The premise and plot of Sayonara Jupiter are hard to make sense of. As far as I can tell, humans have colonized the solar system. Unfortunately, the Sun does not provide enough energy to the outer planets, so the world government decides to set the planet Jupiter on fire and make a second sun. However, there is a group of radical environmental terrorists on Earth who want to foil this plan.
The environmentalists are led by a Japanese Jerry Garcia impersonator who gathers them on the beach to lay around half-naked and sing horribly saccharine songs, while nature montages composed from stock footage of flowers and frolicking animals play on the screen. It’s pretty hard to bear.
There are several lookalikes in the film. Carmen Sandiego makes an appearance and the evil sensei from The Karate Kid too. Oh, and Flipper makes an appearance, as Jerry Garciasan’s pet dolphin named Jupiter. Brief spoiler alert, Jupiter gets killed by a badly made plastic shark, and as Garcia-san kneels over Jupiter’s very bloody corpse, he picks up his guitar and sings Bye Bye Jupiter in some kind of weird attempt at metaphorical foreshadowing. Then comes the slow-motion love montage featuring stock footage of a dolphin doing tricks, mixed with footage of Garcia-san playing with him.
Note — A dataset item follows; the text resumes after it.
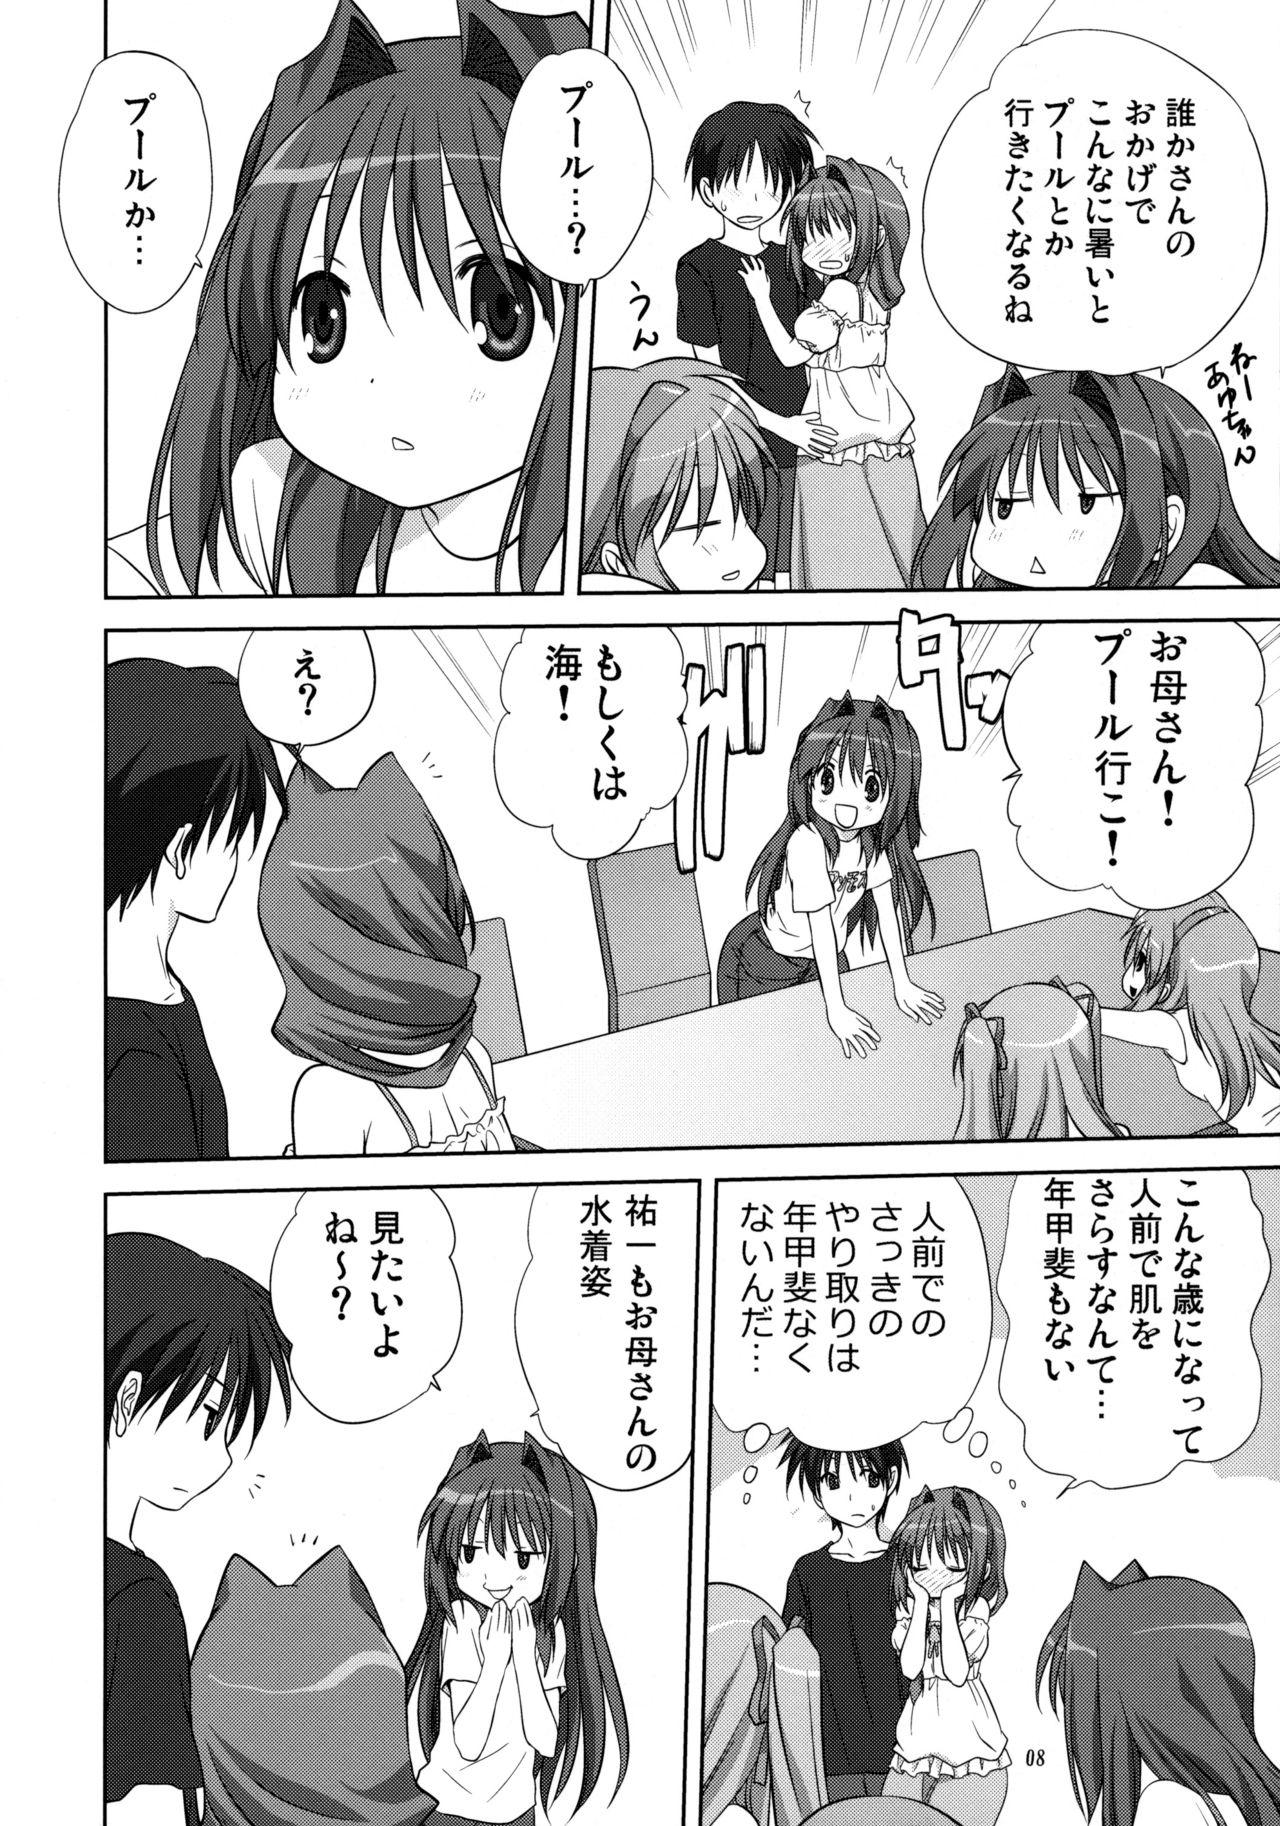 Pauzudo Akiko-san to Issho 8 - Kanon Her - Page 7

Then while exploring Jupiter in a spaceship that looks like it was designed to find a g-spot, they discover lines on the surface that look like the Nazca lines in Peru. They also find a giant cyborg kaiju whale swimming around in the red eye of Jupiter’s storm. While all this is happening, some other dudes are in a ship that gets sucked into a black hole resulting in the trippy 2001 special effects mentioned before.
Weird plot aside, it’s the bizarre film-craft choices that are most memorable. A parting scene between two characters inexplicably becomes an expressionistic, minimalist ballet in a shadowy, white plane of infinity. There’s no explanation, no setup, just a ballet scene that suddenly appears on screen and then is never heard from again as if nothing happened.
The end of the film has the cyborg humpback whale singing a farewell whale song as he floats away into the black hole. I wonder if this is where Gene Roddenberry got his inspiration for Star Trek IV.
Sayonara Jupiter is a tasty smörgåsbord of crazy. There are plenty of kooky things I left out, like the soul brother with a white and purple tipped mullet, and all the closeup shots of sweaty-browed people staring at computer screens. It’s got a little somethin’ for everyone, or for almost everyone, or for weirdos like me who like insane movies like this.